Renowned evangelist Billy Graham recently shared his thoughts regarding a far-too-common question: What causes an individual raised in a good Christian home to leave the faith as an adult?
"People turn away from their childhood faith for various reasons, I've found," Graham, 97, wrote in response to such a question shared with The Kansas City Star.
Sometimes, people simply get too preoccupied with other things, become too involved with non-Christians, or simply decide that faith has no place in the life of an intelligent adult.
However, ultimately, people turn away from the faith for two basic reasons, the evangelist argues.
"First, their faith was too shallow, and it lacked any real commitment," he writes. "Children may not understand everything - but they can understand that God loves them, and Jesus Christ came into the world to offer them the gift of eternal life."

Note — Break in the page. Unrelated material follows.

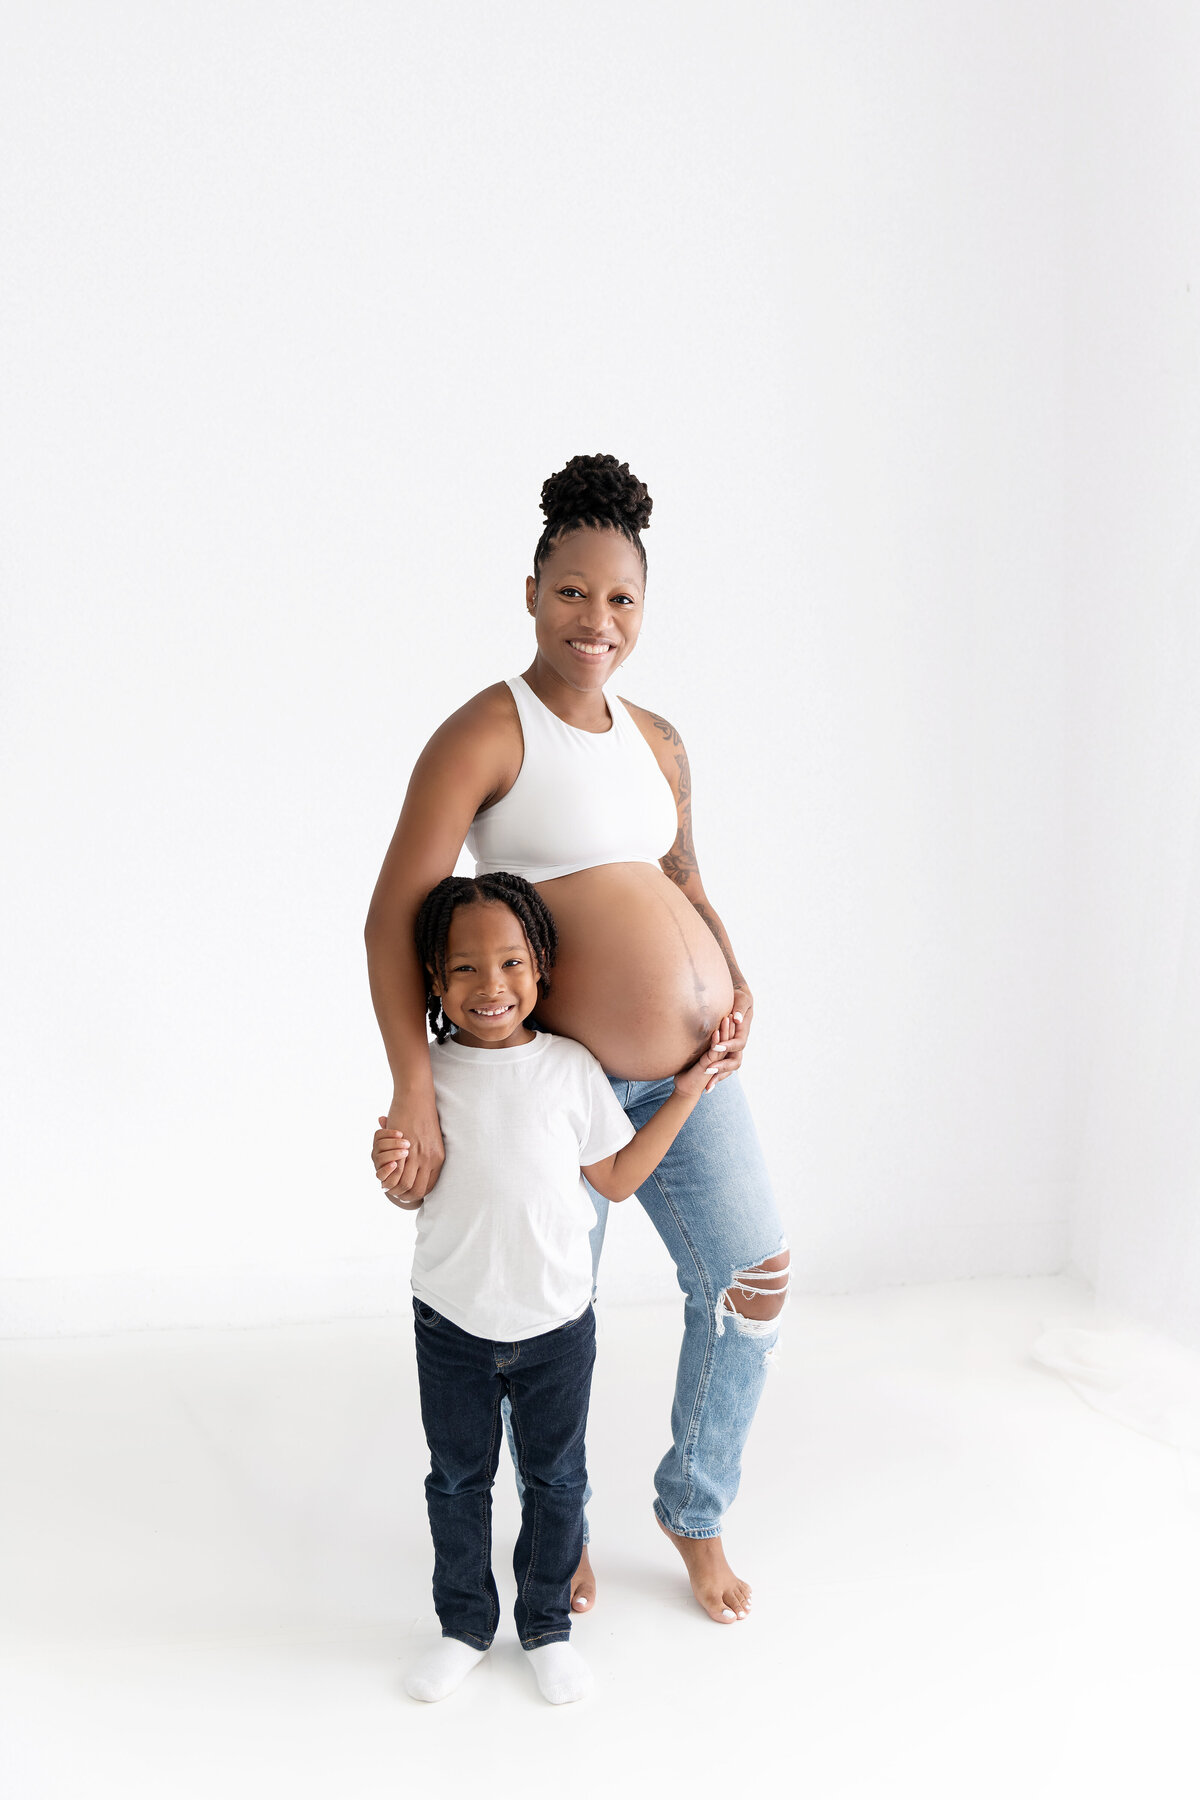 An expecting mother stands in a studio in jeans with her toddler son holding the bump with her

He adds, "Moreover, they can understand that they need to commit their lives to Jesus by inviting him to come into their lives. Faith and commitment go hand in hand."

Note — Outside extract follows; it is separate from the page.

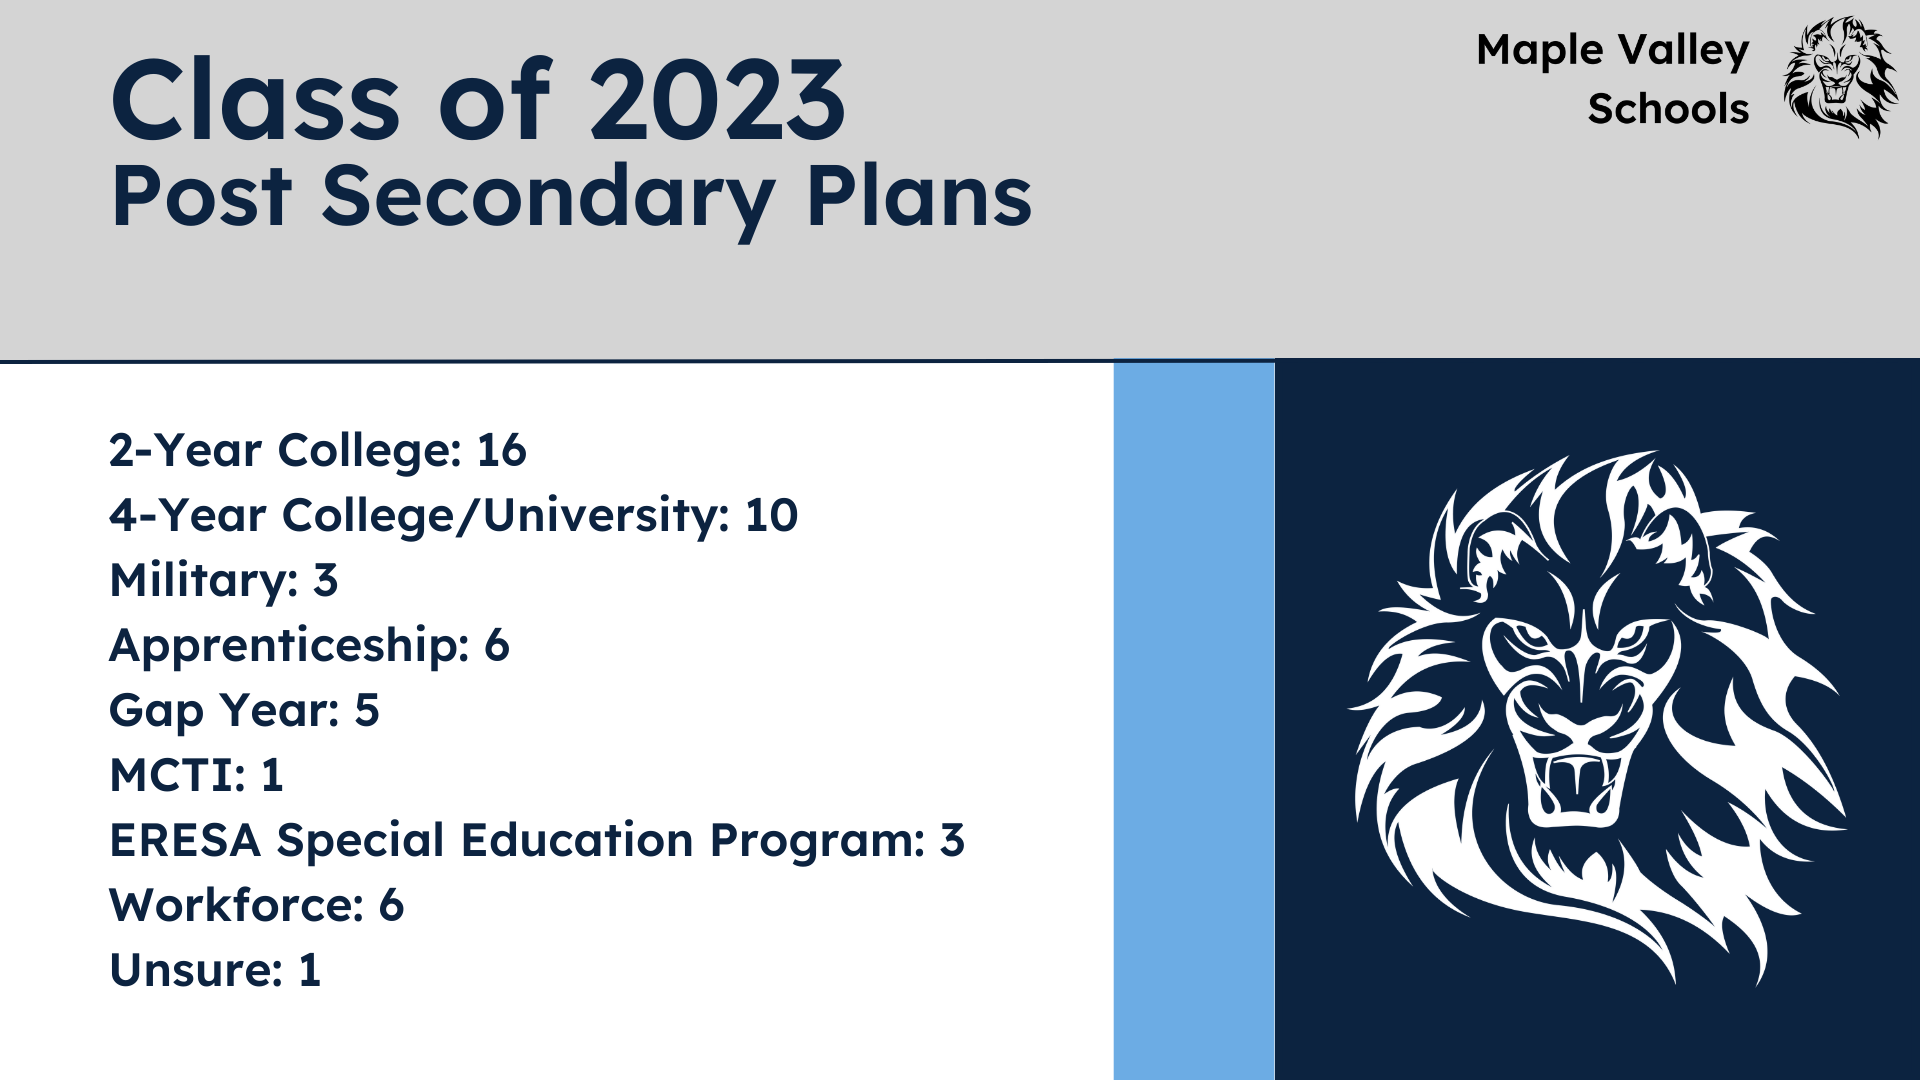 Post Secondary Plans for the Class of 2023 2-Year College: 16 4-Year College/University: 10 Military: 3 Apprenticeship: 6 Gap Year: 5 MCTI: 1 ERESA Special Education Program: 3 Workforce: 6 Unsure: 1

Second, people may reject their childhood faith because they never truly understood that faith needs to grow.
"Like the seed in one of Jesus' parables, a plant with no roots eventually withers and dies - and the same is true of faith," Graham explains. "Jesus said, 'They believe for a while, but in the time of testing they fall away' (Luke 8:13)."
The pastor concludes his thoughts by urging Christians to pray for the children in their individual churches: "[Pray] that they'll make a clear commitment to Jesus and then grow stronger through the Bible, prayer, and fellowship with older believers."

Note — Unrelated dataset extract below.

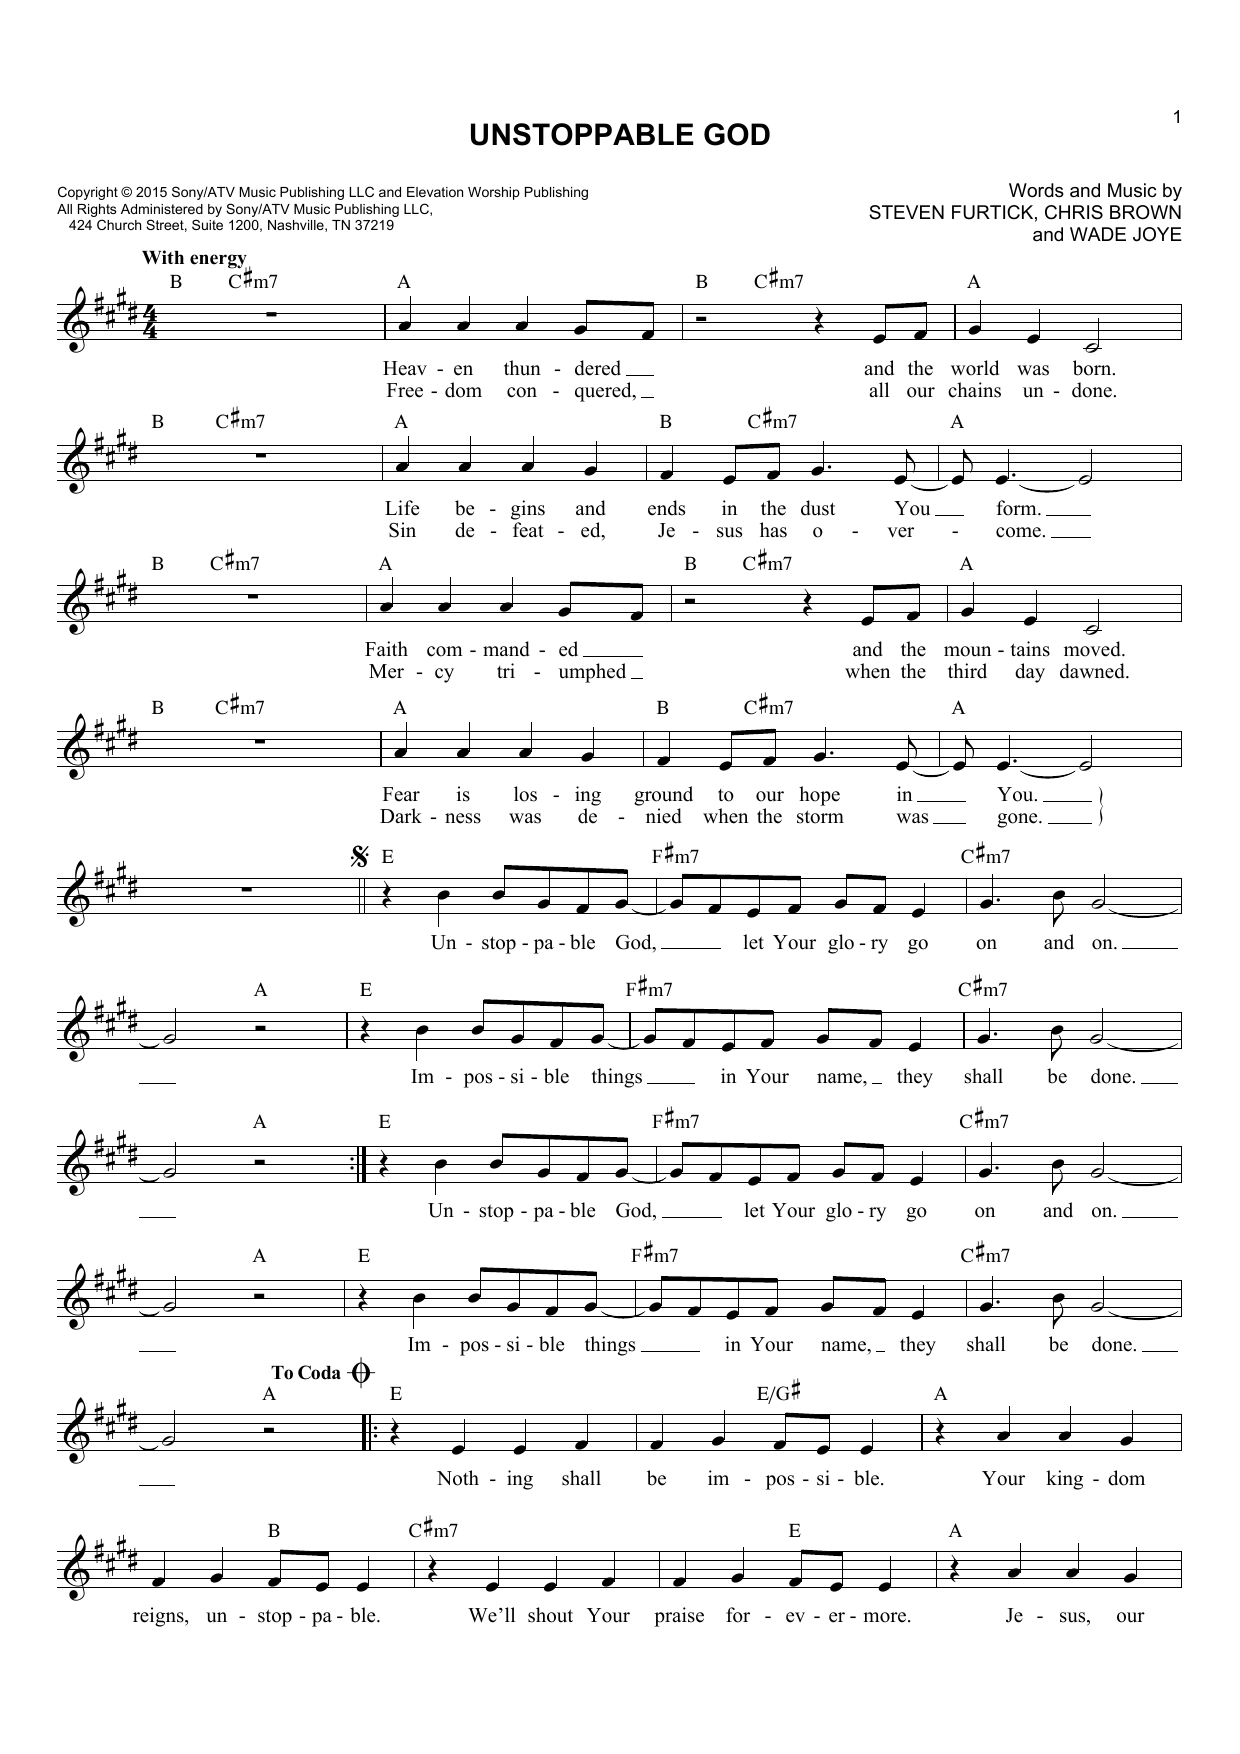 Download Chris Brown Unstoppable God Sheet Music

A 2015 Pew Research Center survey of 35,000 American adults found that more than one-third of millennials now say they are unaffiliated with any faith, up ten percentage points since 2007.
"It's not as if young people today are being raised in a way completely different from Christianity," said Greg Smith, Pew's associate director of religion research and the lead researcher on the new study. "But as adults they are simply dropping that part of their identity."
Throughout his long career, Graham has often shared his thoughts on how parents can raise their children to fear the Lord. In August 1955, the pastor wrote an op-ed for Decision magazine titled "Raising Children in a Godless Age" offering parents advice that is still relevant today.
Graham, who has five children and 19 grandchildren, emphasized that parents must spend time with their children, set a good example for them, discipline them, and teach them to "know God."
"If you fail to discipline your children, you are breaking the laws, commandments and statutes of God," he said. "You are guilty not only of injuring the moral, spiritual and physical lives of your children, but of sinning against God. The Bible says that if you fail to discipline your children, you actually hate them."
The best way to influence your children, he added, is to set a good example because "the majority of children acquire the characteristics and habits of their parents."
As for teaching your children to know God, Graham said, "Very seldom do parents have trouble with children when the Bible is read regularly in the home, grace is said at the table and family prayers take place daily. Most trouble with teenagers comes from children reared in homes where prayer is neglected, the Bible is never opened and church attendance is spasmodic. Christ gives the moral stability, understanding, wisdom and patience needed to rear children."
There is only one solution to combating the problems afflicting young people, explained the pastor, and that answer is Christ: "Christ in the home, in the lives of the parents, is the only permanent solution to the menacing teenage social problems in America."
Church every Sunday and daily prayer "will solve 90 percent of the problems you have with your children," he concluded.
For teens who want true joy and happiness, and not the temporary intoxications of today's sinful culture, they should turn to Jesus Christ. He "can give you the greatest happiness, the greatest adventure and the greatest thrills you have ever known," Graham said.